§ **YOUR INSTRUCTIONS**
Could the data below be copied exactly, minus the pictures?
Segment Start: DATA SECTION
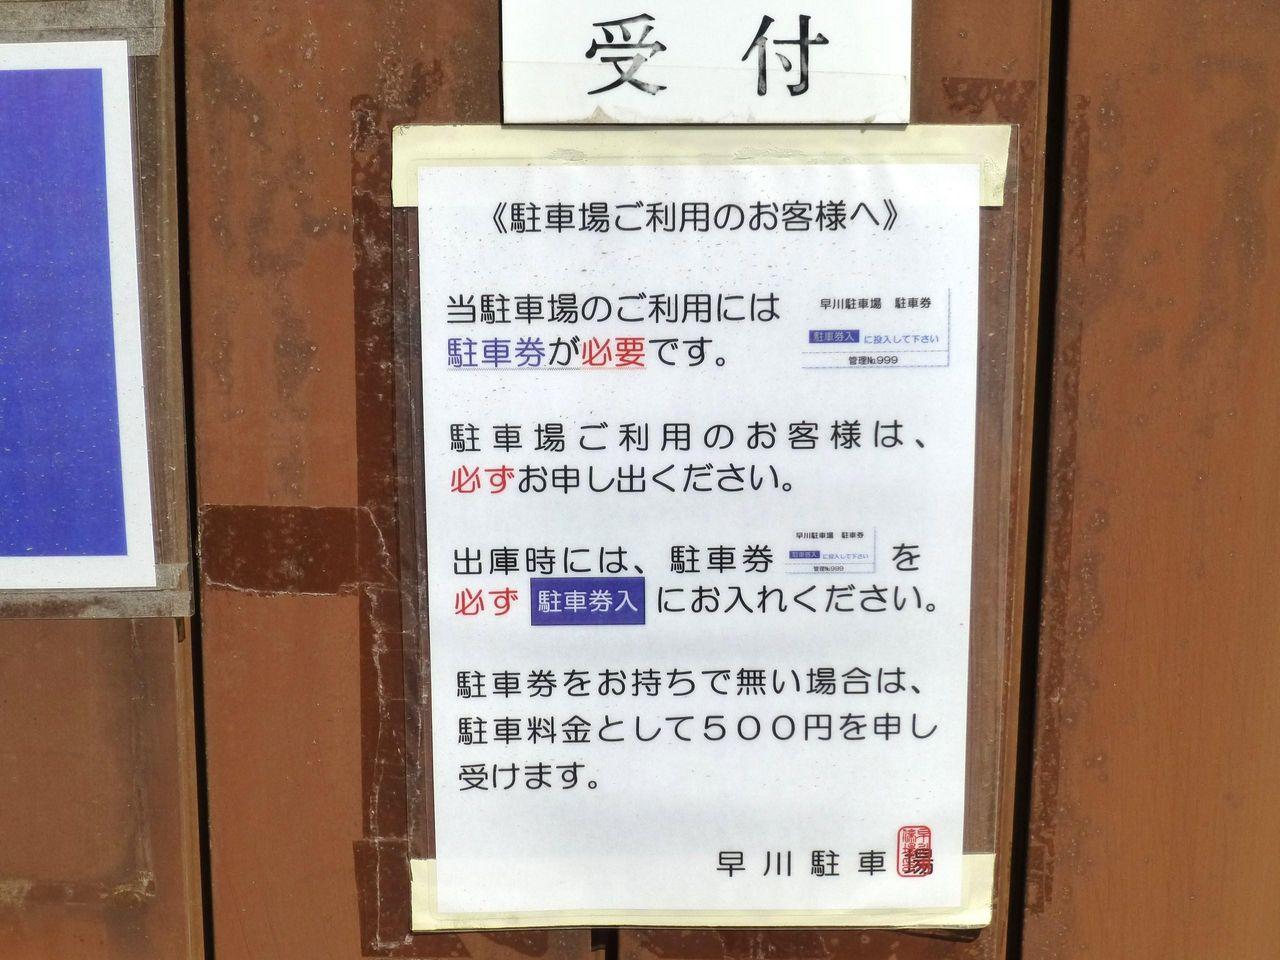 早川駐車場の利用方法(26年4月現在)
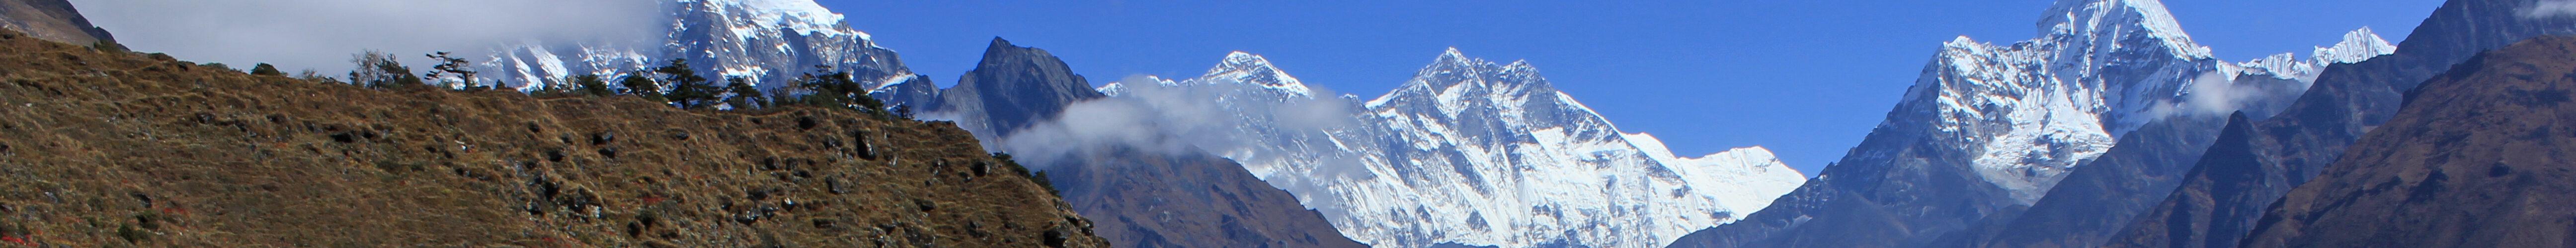 Sagarmatha national park KIPLINGTRAVEL
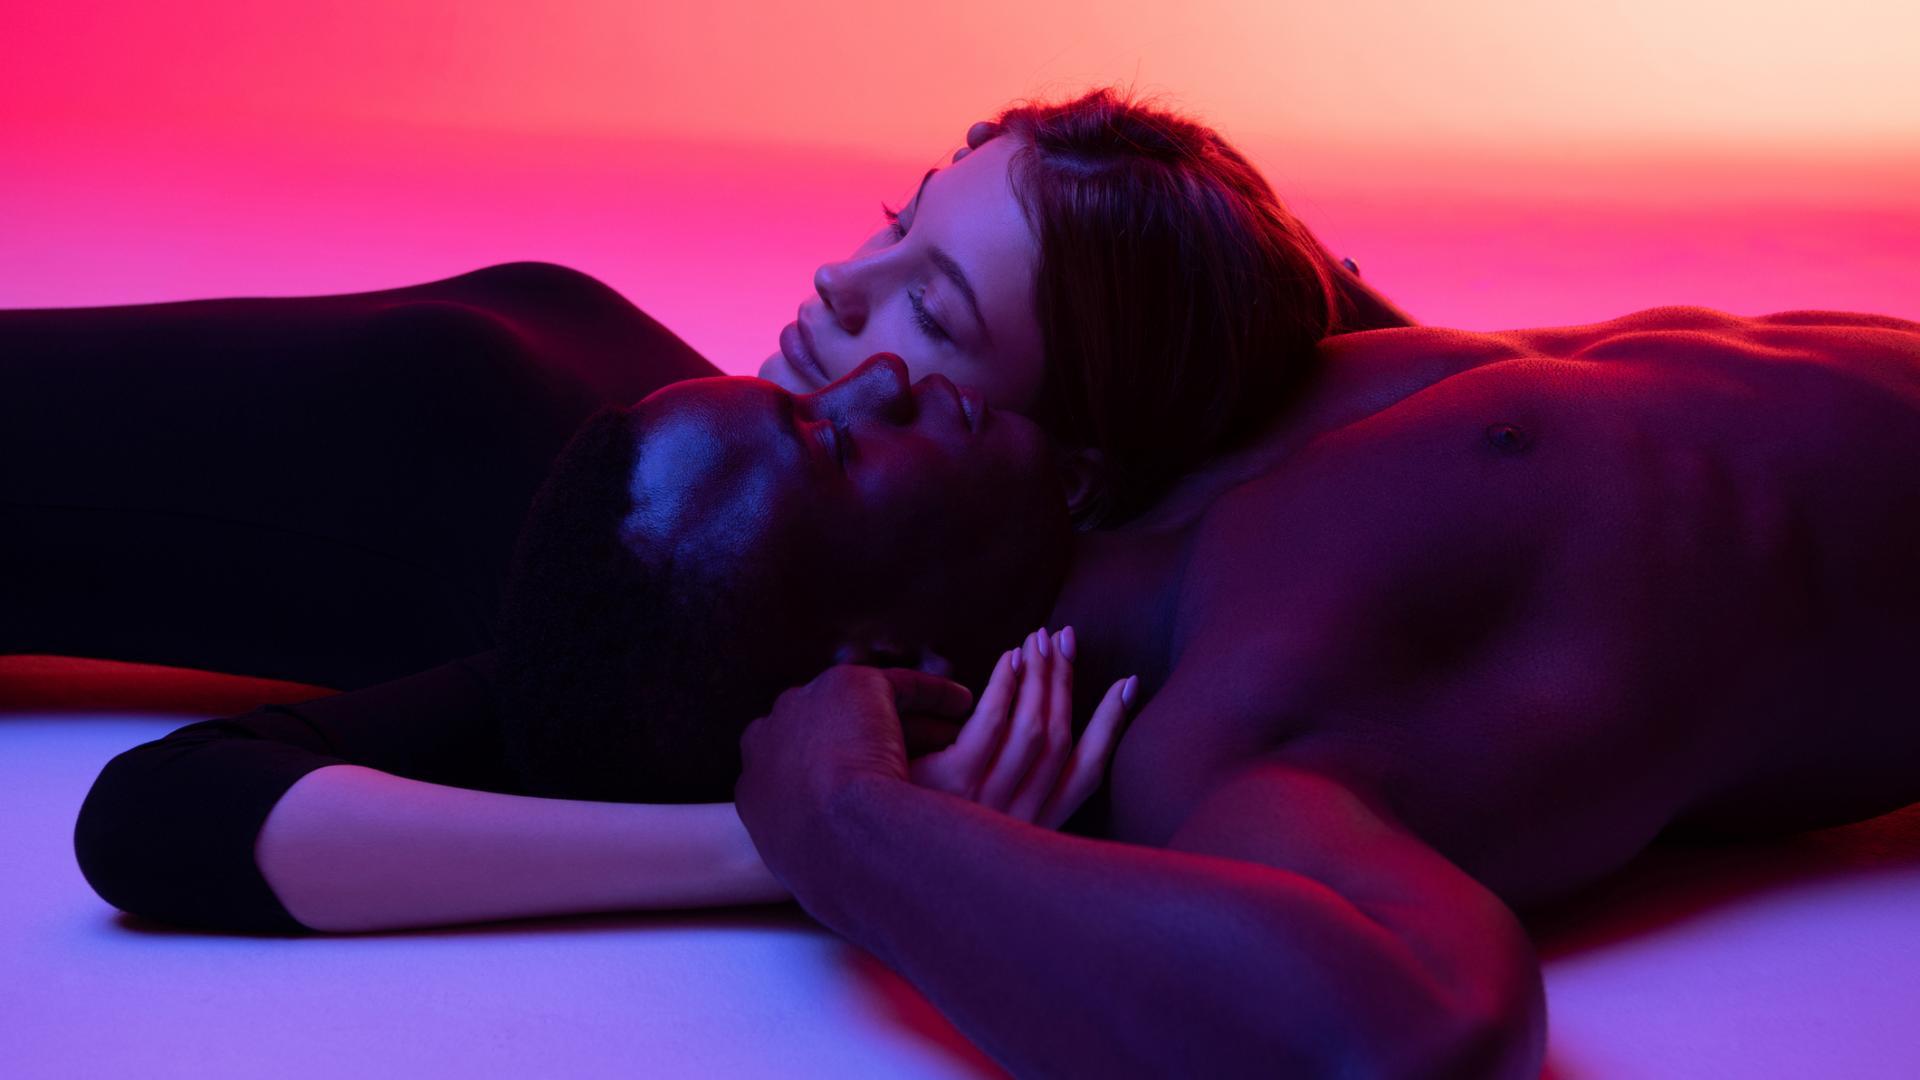 Frau und Mann Sex Buddys verliebt beziehung intim
Segment End: DATA SECTION
§ **EXERCISE ANSWER**
 早川駐車場の利用方法(26年4月現在)
 Sagarmatha national park KIPLINGTRAVEL
 Frau und Mann Sex Buddys verliebt beziehung intim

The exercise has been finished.